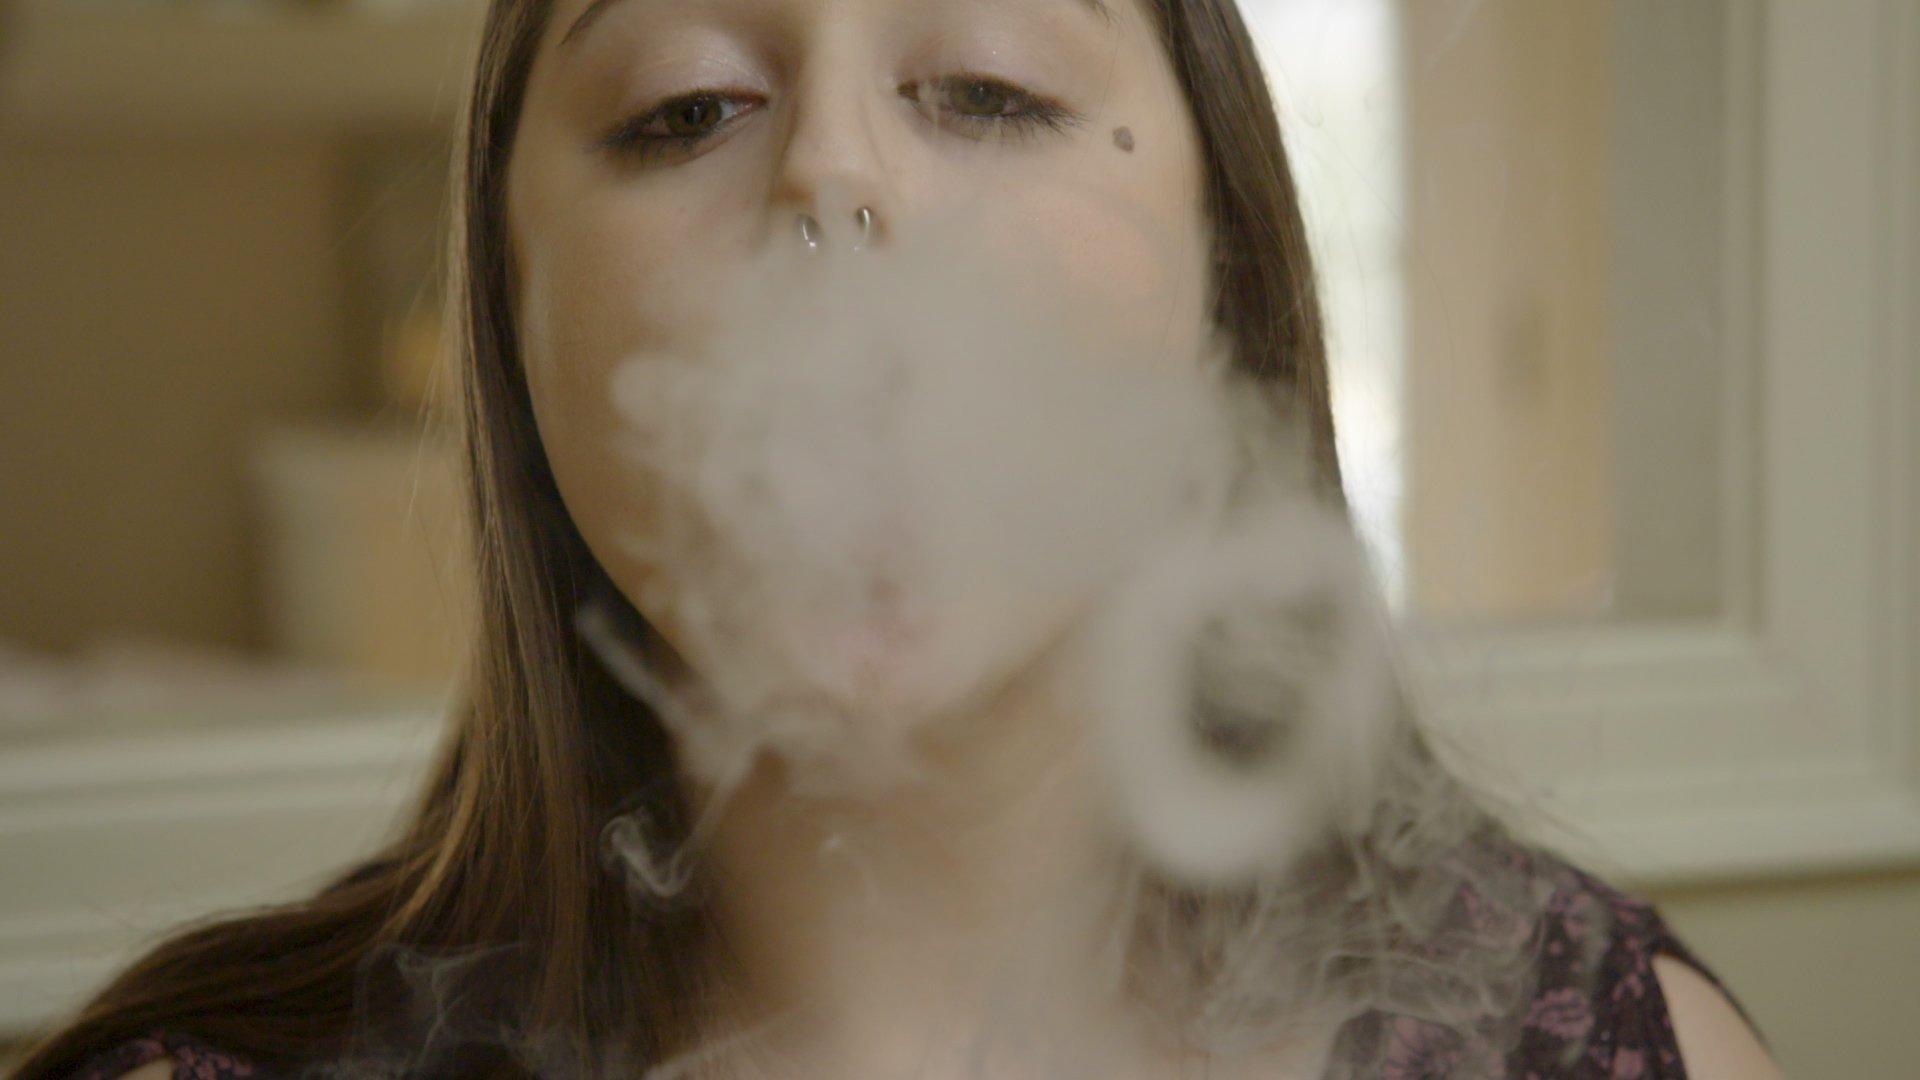 A teenage girl makes vapor circles while using an e-cigarette. (Credit: CNN)
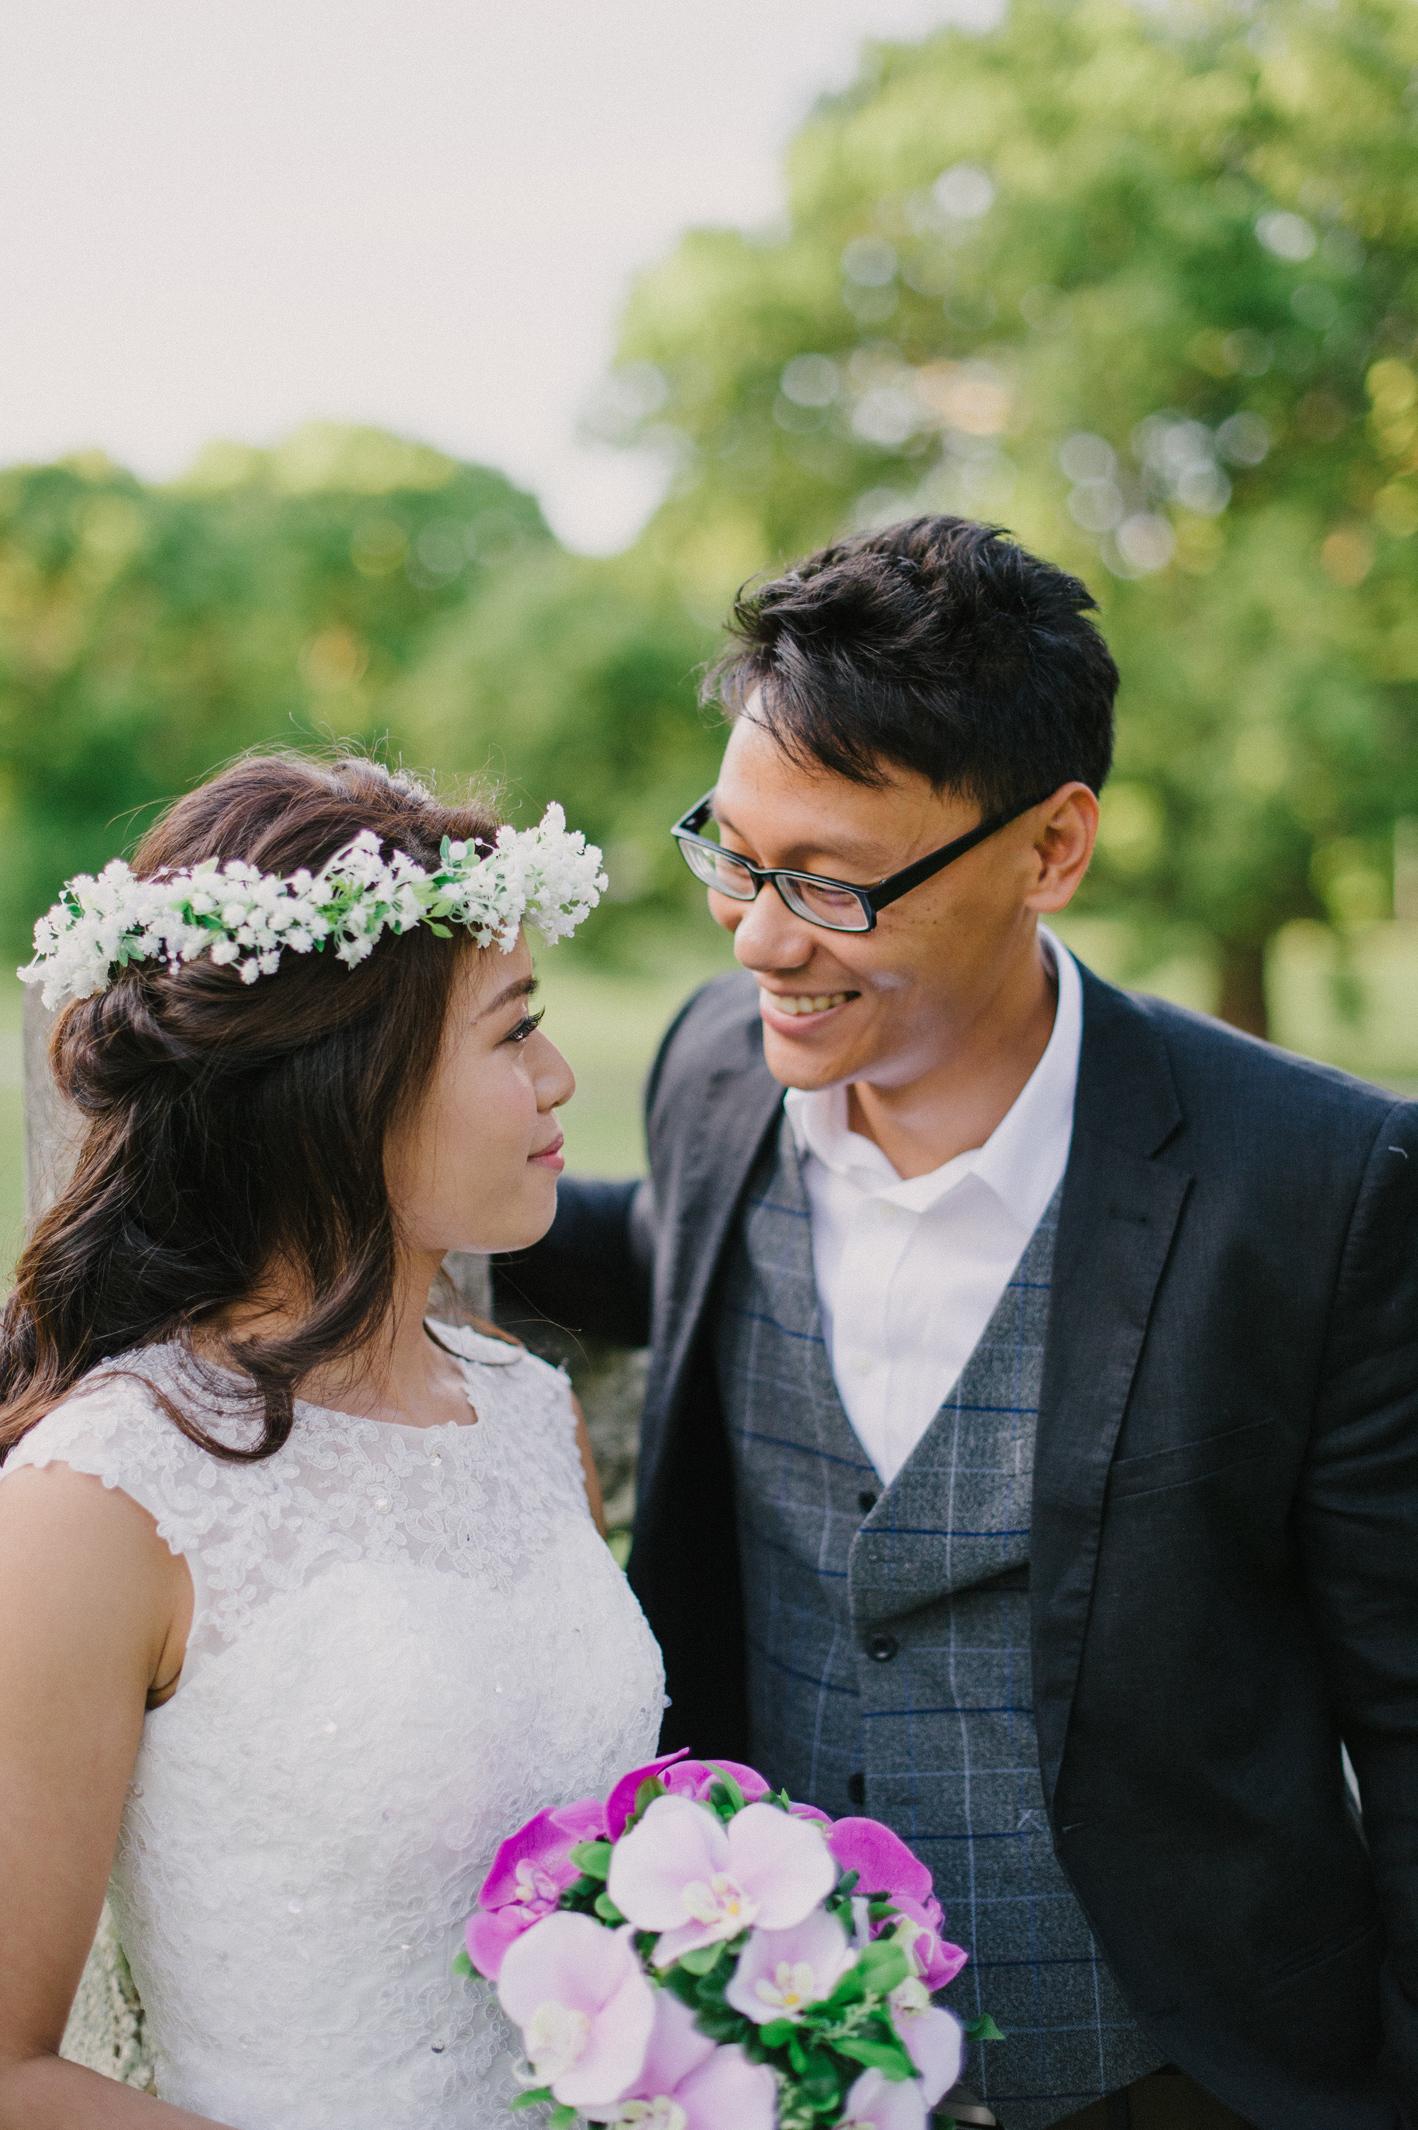 007-ed-janet-currumbin-wedding_sophie-baker-photography
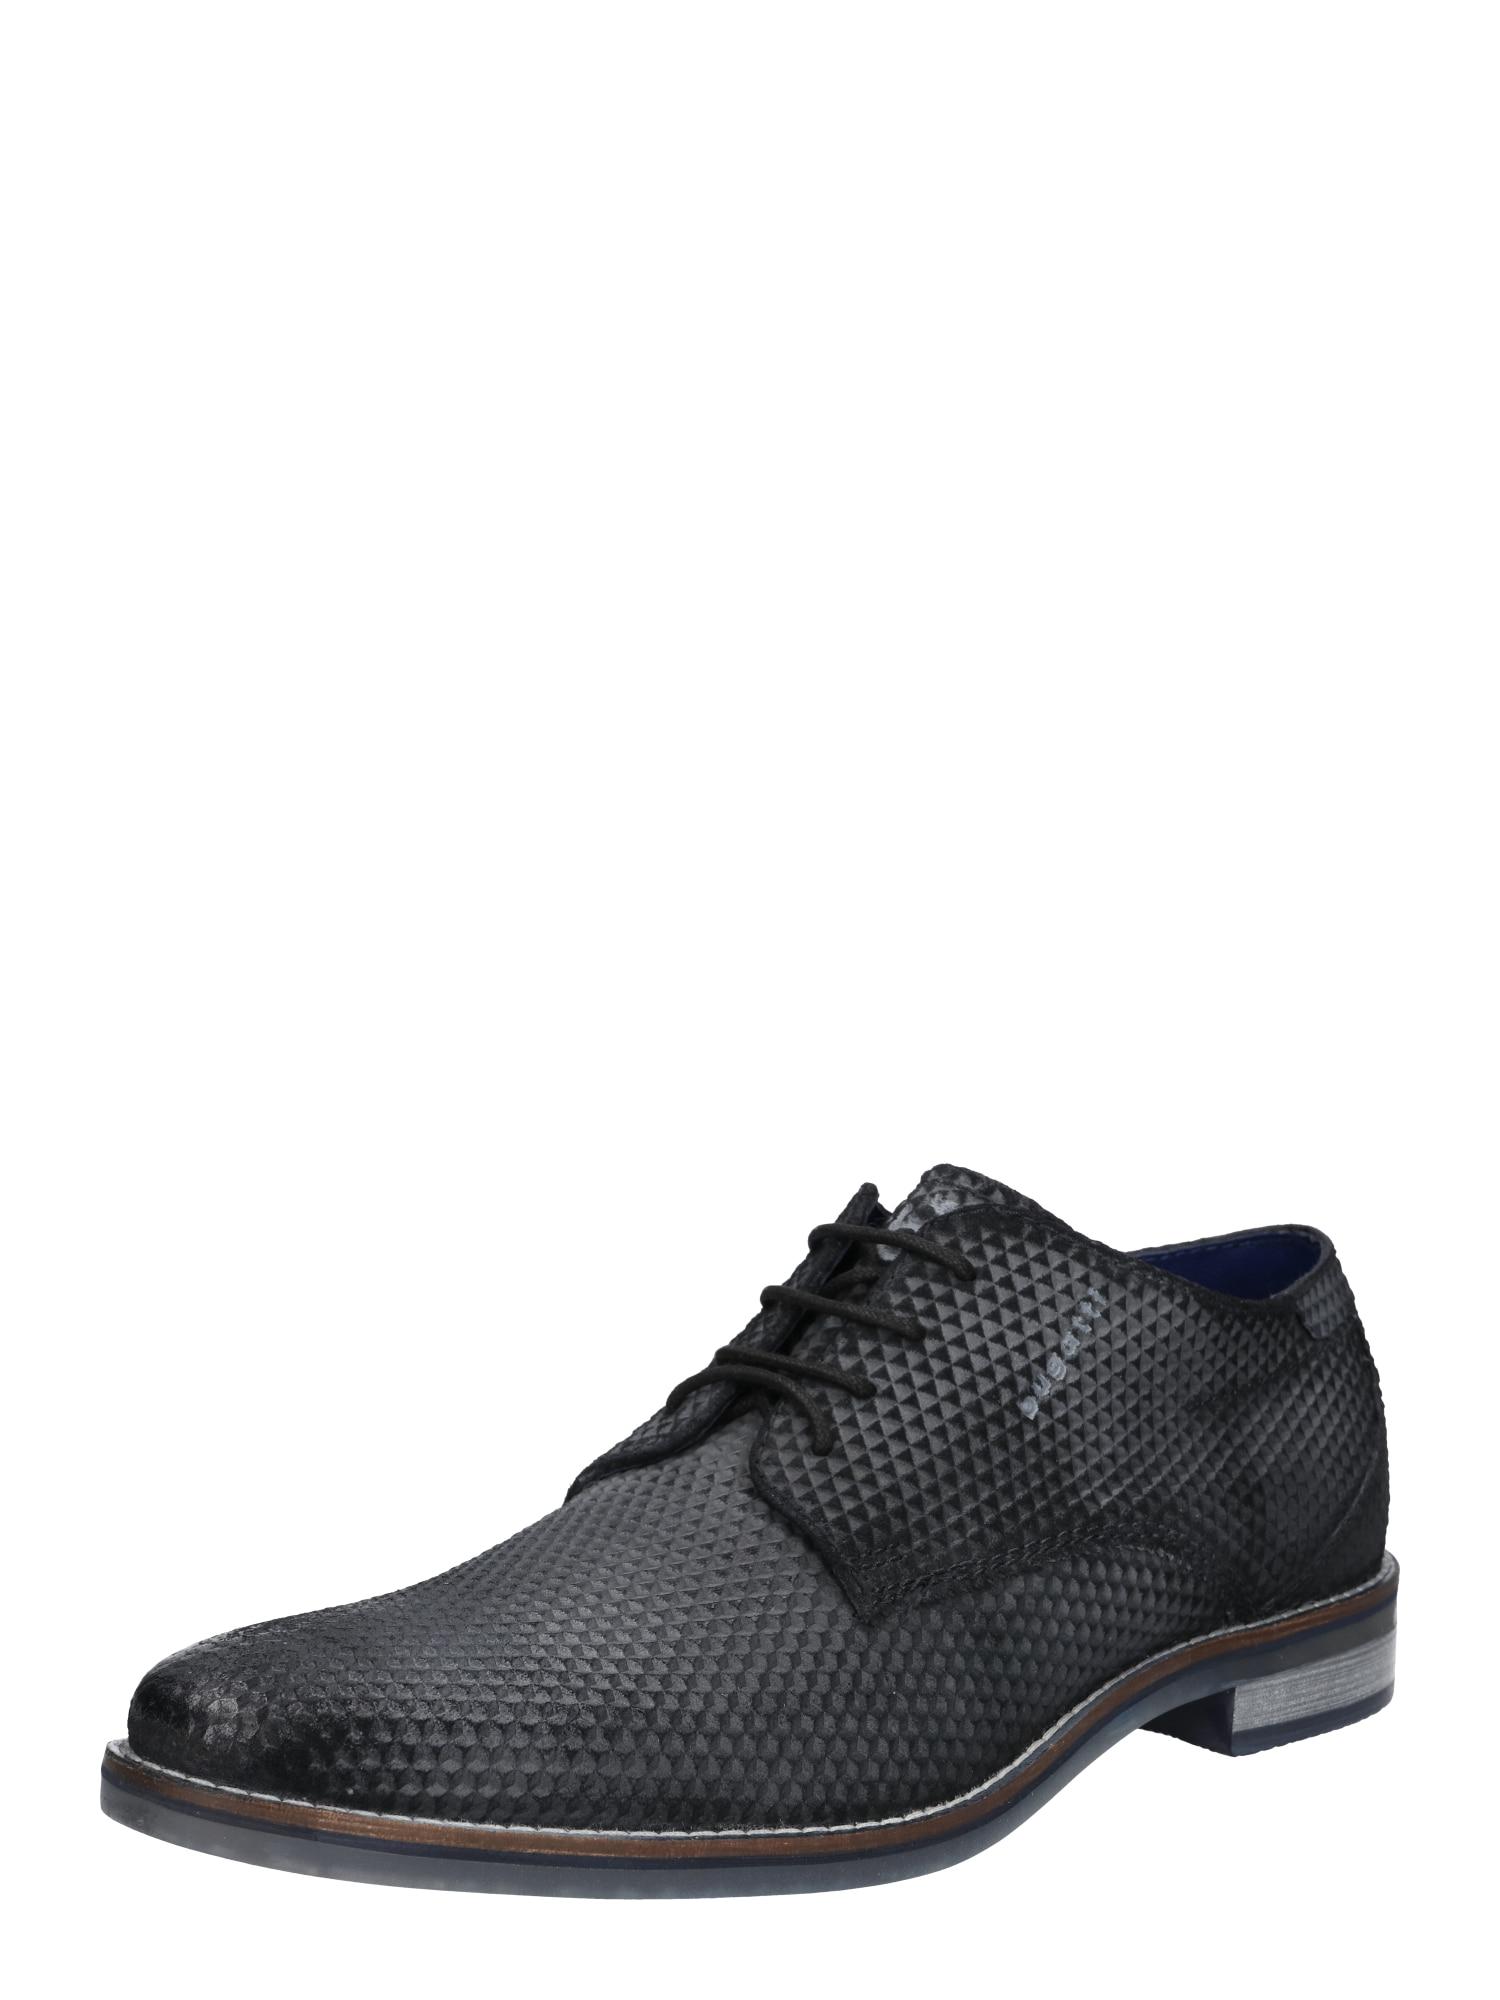 Šněrovací boty Gagno šedá černá Bugatti

YOUR OBJECTIVE: Set down the material exactly, every line of it, except for the pictures.

OUTPUT OF THE TASK:
 A teenage girl makes vapor circles while using an e-cigarette. (Credit: CNN)
 007-ed-janet-currumbin-wedding_sophie-baker-photography
 Šněrovací boty Gagno šedá černá Bugatti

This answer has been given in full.